* Data below *
-=-=-=-=-

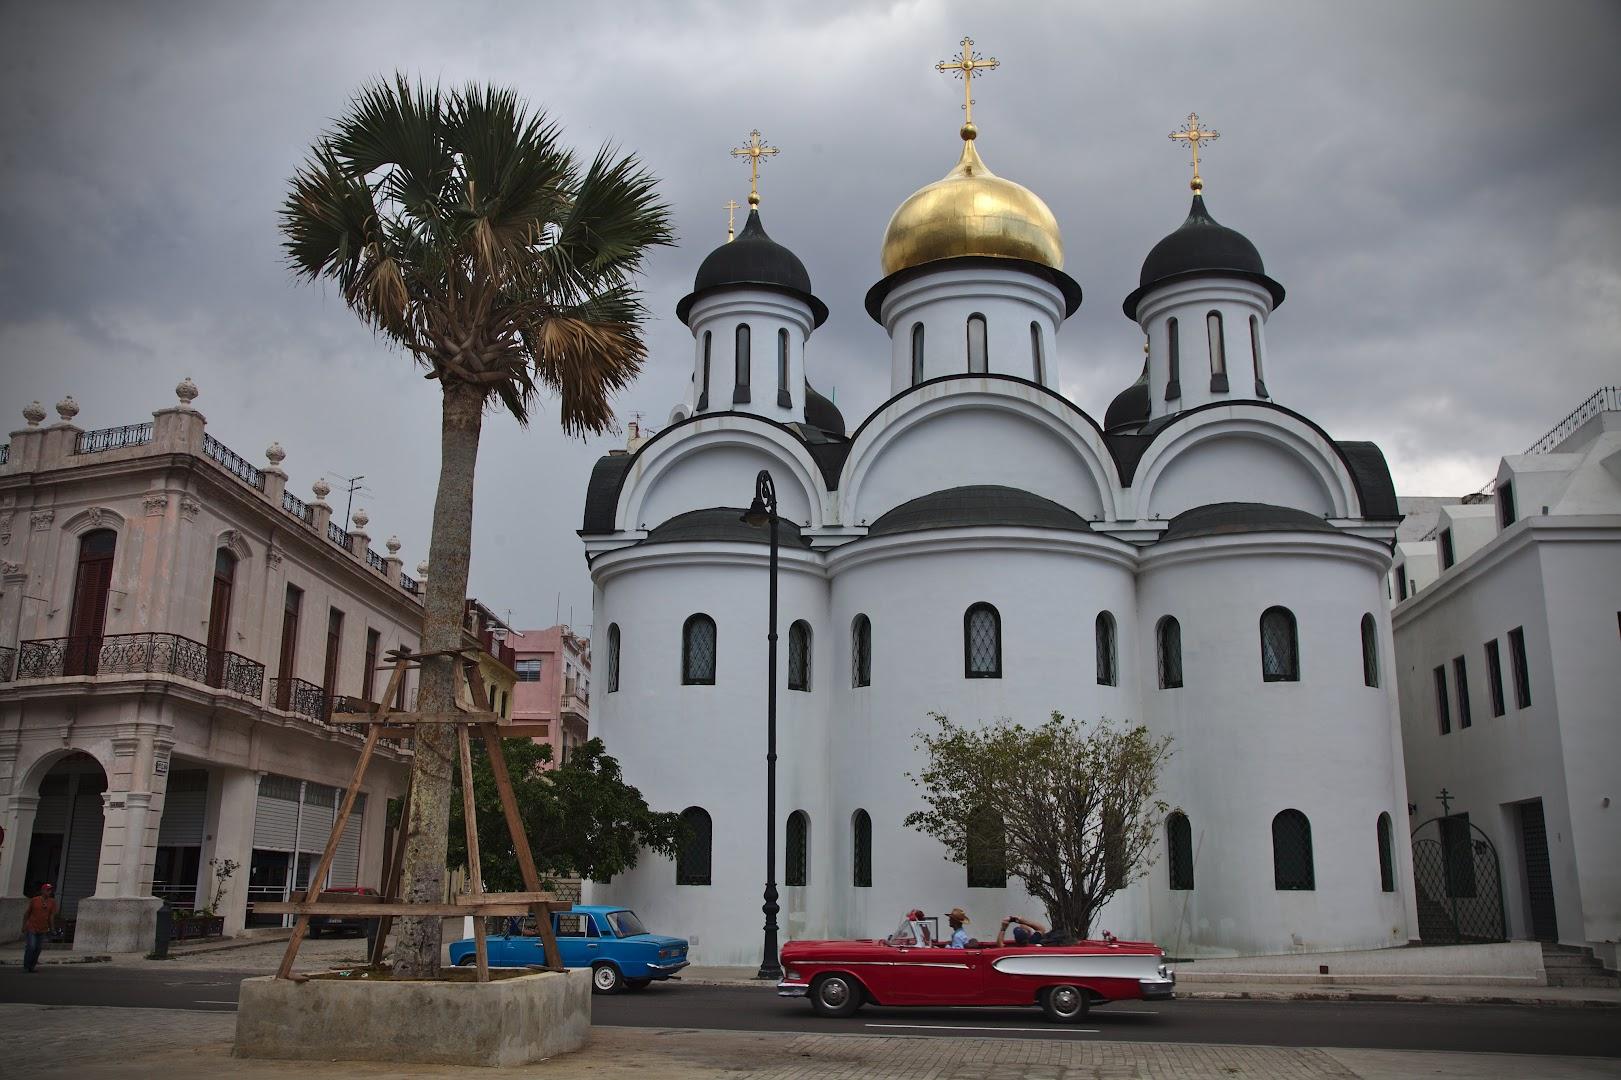 Orhodox church survived the revolution
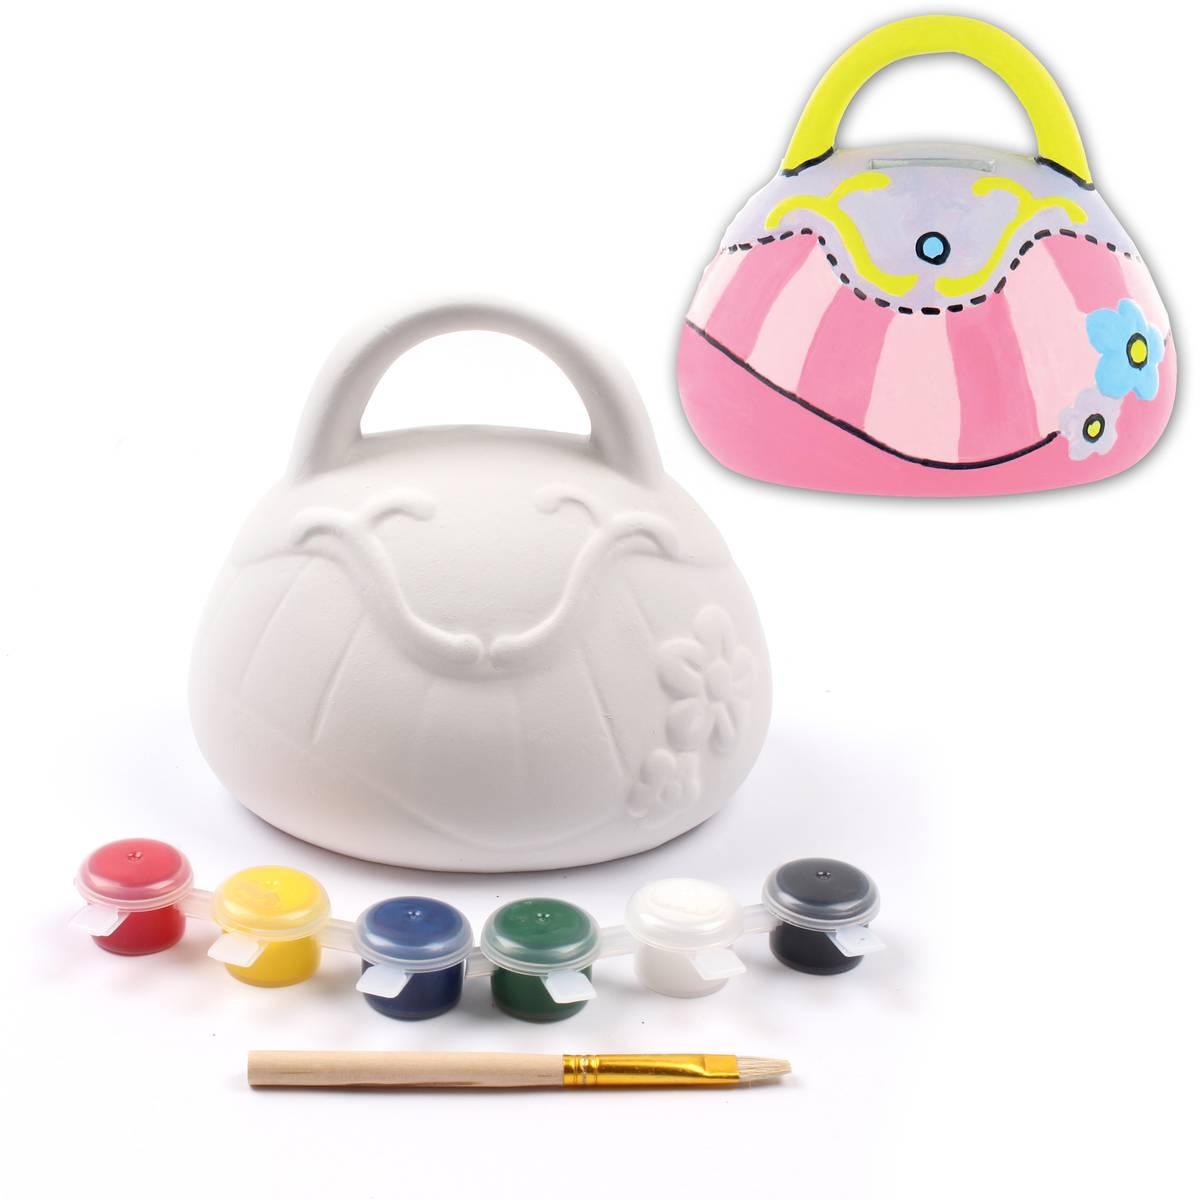 Hobbycraft Paint Your Own Handbag Money Box was £3.50 now £1.75.
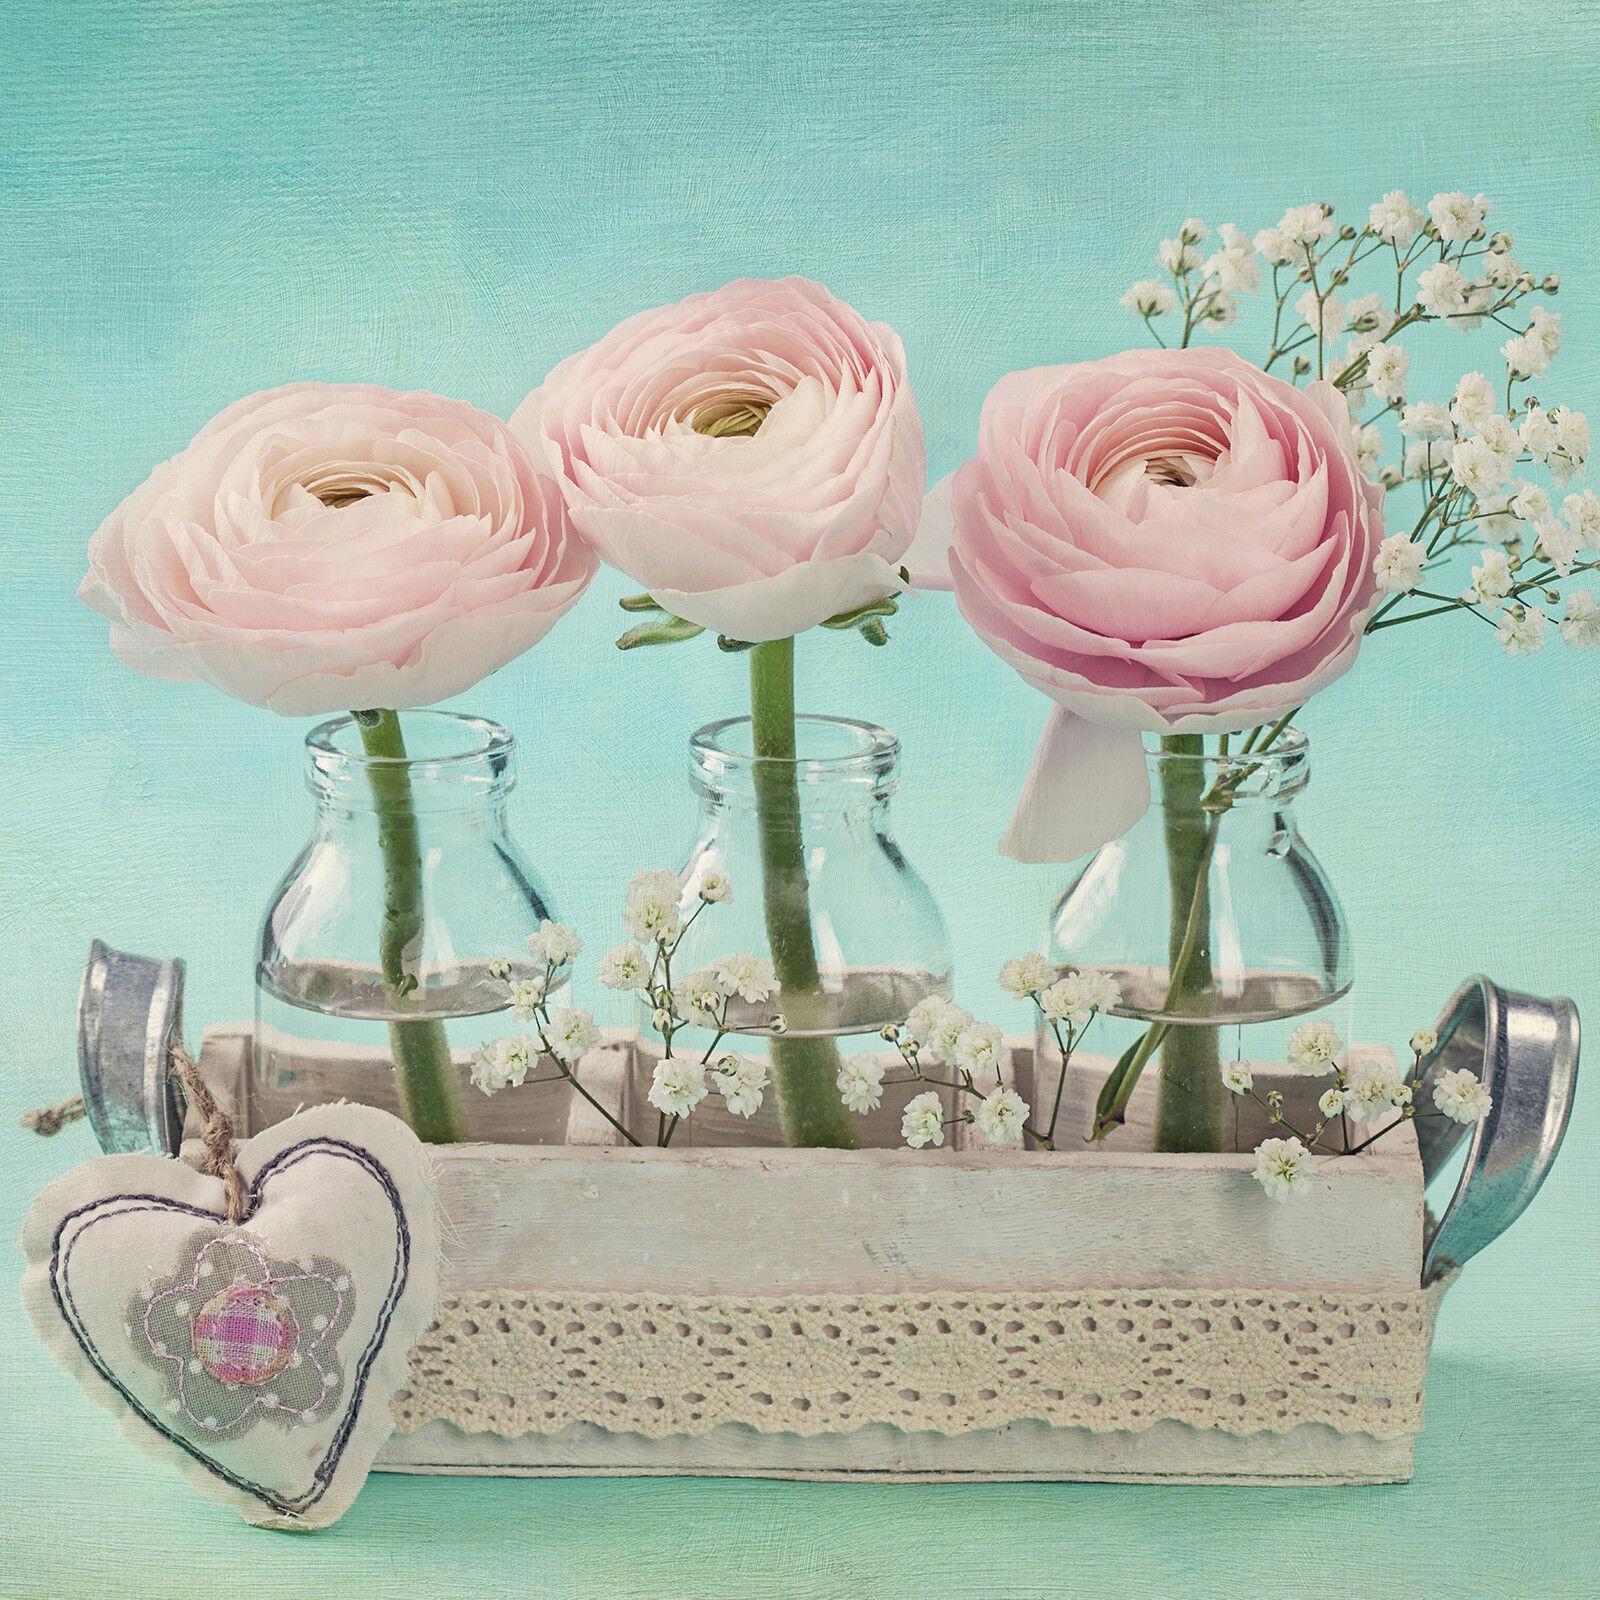 Trempé ESG verre Art Imprimé Photo Wall Art verre Photo Roses Rose Coeur Prizma GWA0332 8e6932

-=-=-=-=-

* Exercise requirements *
Reproduce the listing word for word, but keep the pictures out of it.

* Solution to the exercise *
 Orhodox church survived the revolution
 Hobbycraft Paint Your Own Handbag Money Box was £3.50 now £1.75.
 Trempé ESG verre Art Imprimé Photo Wall Art verre Photo Roses Rose Coeur Prizma GWA0332 8e6932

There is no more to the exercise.